— В Художественном театре тоже хрустальная люстра?
— Да, не такая большая. Там прекрасно ставят «Чайку» Чехова, «Вишневый сад»…
— Как это, наверное, хорошо, — шепнула Анна, — живут же люди!
— Хочешь, я содержание «Чайки» расскажу?
Рассказывал Петрикин с увлечением, очень красочно. Потом Коробов опять забылся, и когда проснулся, в избе было темно — луна, наверное, спряталась за тучи. Оттуда, где лежали Петрикин и Анна, слышались неразборчивые отрывистые фразы, произносимые уже жарким срывающимся шопотом. Затем послышалась возня и сдавленные стоны Анны. Это были стоны боли. Коробов понял, что она опять, как и тогда, зимой, страдает за Петрикина и чувствует боль за него. Минут через десять там все стихло. А потом Анна внятно прошептала:
— Коля, жизненочек, расскажи еще что-нибудь про Москву.
Лейтенант Коробов, стараясь ровно по-сонному дышать, слушал о хорошо знакомом и близком.
Утром парашютисты, разместившись на подводе, уезжали из деревни. Анна, держа на руках обрубок Петрикина, стояла в дверях. И когда телега отъехала, она ловко, коленом поддержала Петрикина — так делают крестьянки, поправляя на руках детей, — и, освободив одну руку, прощально помахала. Петрикин обнял ее за шею одной рукой, а второй отдал честь отъезжающим.
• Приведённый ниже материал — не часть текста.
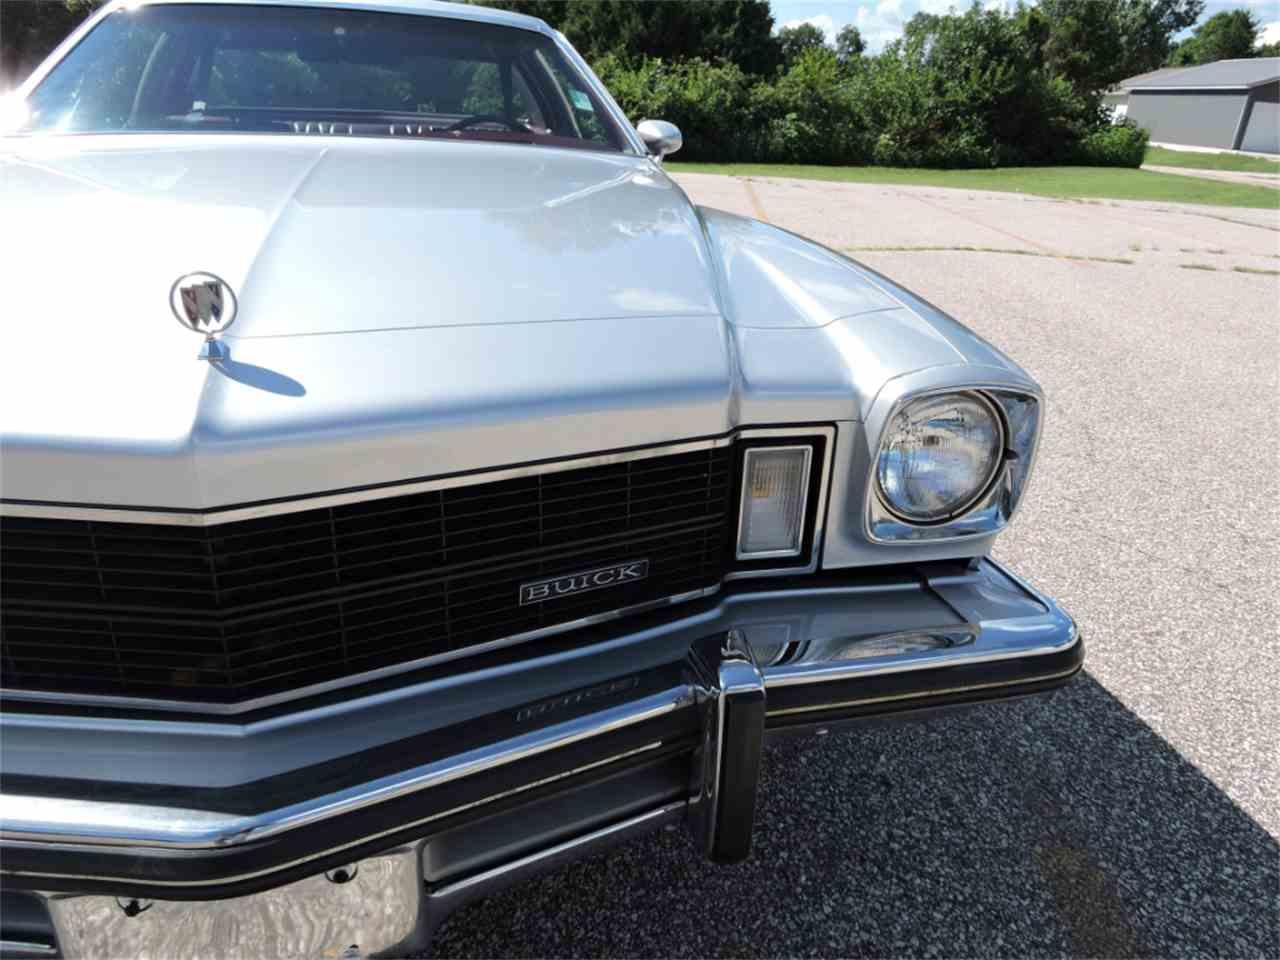 1975 Buick Century For Sale Classiccars Com Cc 1000865
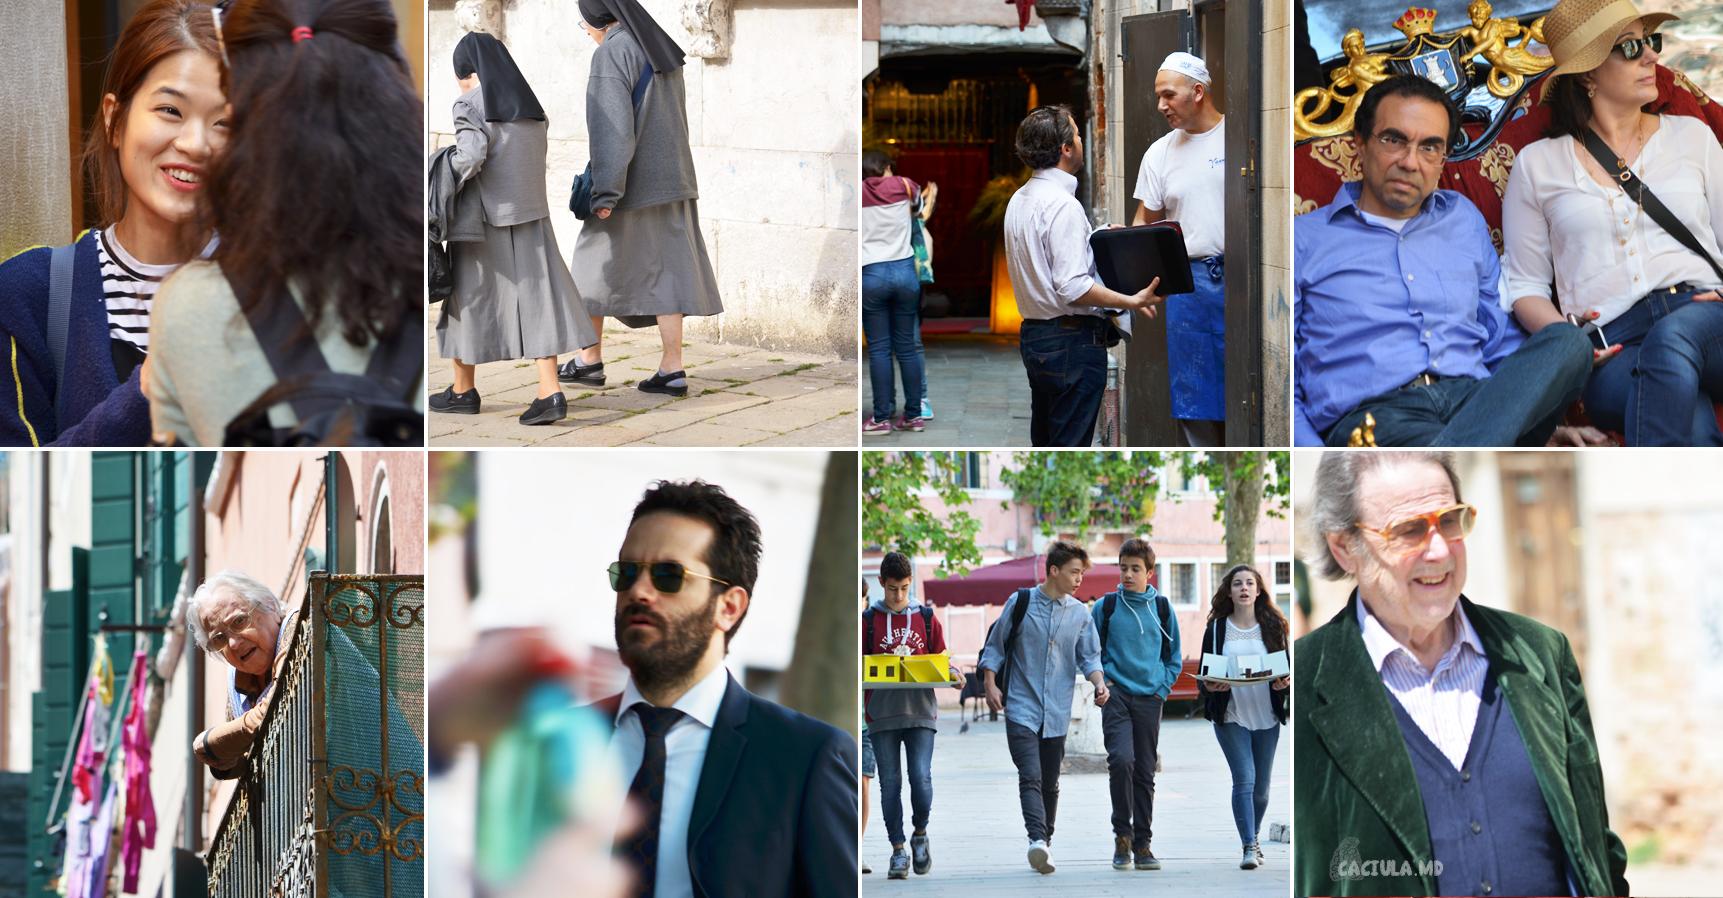 collage_people_venecia_caciula

В третий раз Коробов, уже старший лейтенант, попал в эту затерянную среди болот и лесов деревню в июне. Вокруг «Малой Земли» шли горячие бои. Немцы всерьез взялись за ликвидацию стотысячной группировки Белова у себя в глубоком тылу, группировки, которая, придя в движение и поддержанная с воздуха авиацией, могла отрезать почти весь средний участок немецкого Восточного фронта. По сухим дорогам пошли в наступление немецкие танки, мотопехота. Немецкая авиация неистово атаковала, бомбила места скопления русских войск. Дорогобуж пал. Беловцы, сдерживая натиск вражеских сил, откатывались на Восток, намереваясь прорвать фронт где-то в районе Клина и выйти на «Большую Землю».
Вначале отступление шло нормально. Но Коробов ходил в разведку под самый фронт и видел, что немцы накапливают там большие силы, чтобы зажать отступающих с двух сторон, чтобы заставить отступающих и отбиваться с тыла, с флангов и пробивать себе каждый шаг вперед. Советские же части на фронте не предпринимали никаких попыток, чтобы отвлечь немцев от нажима на группировку Белова.
По «Малой Земле» ползли слухи, что сам Сталин остался недоволен тем, что у оторванных от фронта беловцев, появились анархические и даже антисоветские настроения, и поэтому, мол, Сталин решил отдать всю группу Белова на разгром немцам. Слухи эти имели под собой почву. Среди беловцев действительно чуть ли не открыто поругивали Сталина — положение на фронте немыслимое. Сам генерал Белов запретил присланным с «Большой Земли» на самолетах партийным работникам восстановить распущенные немцами колхозы. Были случаи, когда простые парашютисты или кавалеристы били крупных партийных работников, если те пытались арестовывать крестьян, работавших когда-то у немцев на кухне, или тех, у кого останавливались на постой немцы. Слухи об умышленном отдании беловцев на разгром действовали деморализующе. Отступление постепенно приобретало панические формы. А паника умножалась рассказами бывших военнопленных об ужасах немецкого плена.
Когда Коробов и Гавриленко с новой группой разведчиков в двадцать человек пришли в эту деревню, по пыльной улице поспешно двигались подразделения парашютистов, потом какие-то партизаны в гражданской одежде, скакали кавалеристы кучками по десять-двенадцатъ всадников. Стояла полная неразбериха и хаос. Сам Коробов вел свою разведгруппу, не зная, где штаб Белова, не имея никакого приказа, что делать и куда идти. Все двигались, устремляясь за главным течением, и никто не знал, куда они идут и что будет дальше.
В этой маленькой деревне были тоже видны следы бомбежек. Повсюду виднелись воронки. Валялись убитые лошади. Несколько изб было разрушено и на месте их остались только печные прокопченные трубы. Изба Шуры уцелела. Коробов, покрытый слоем пыли, с автоматом на груди, с воспаленными глазами, зашел в нее, и Шура, увидав его, радостно и мелко закрестилась.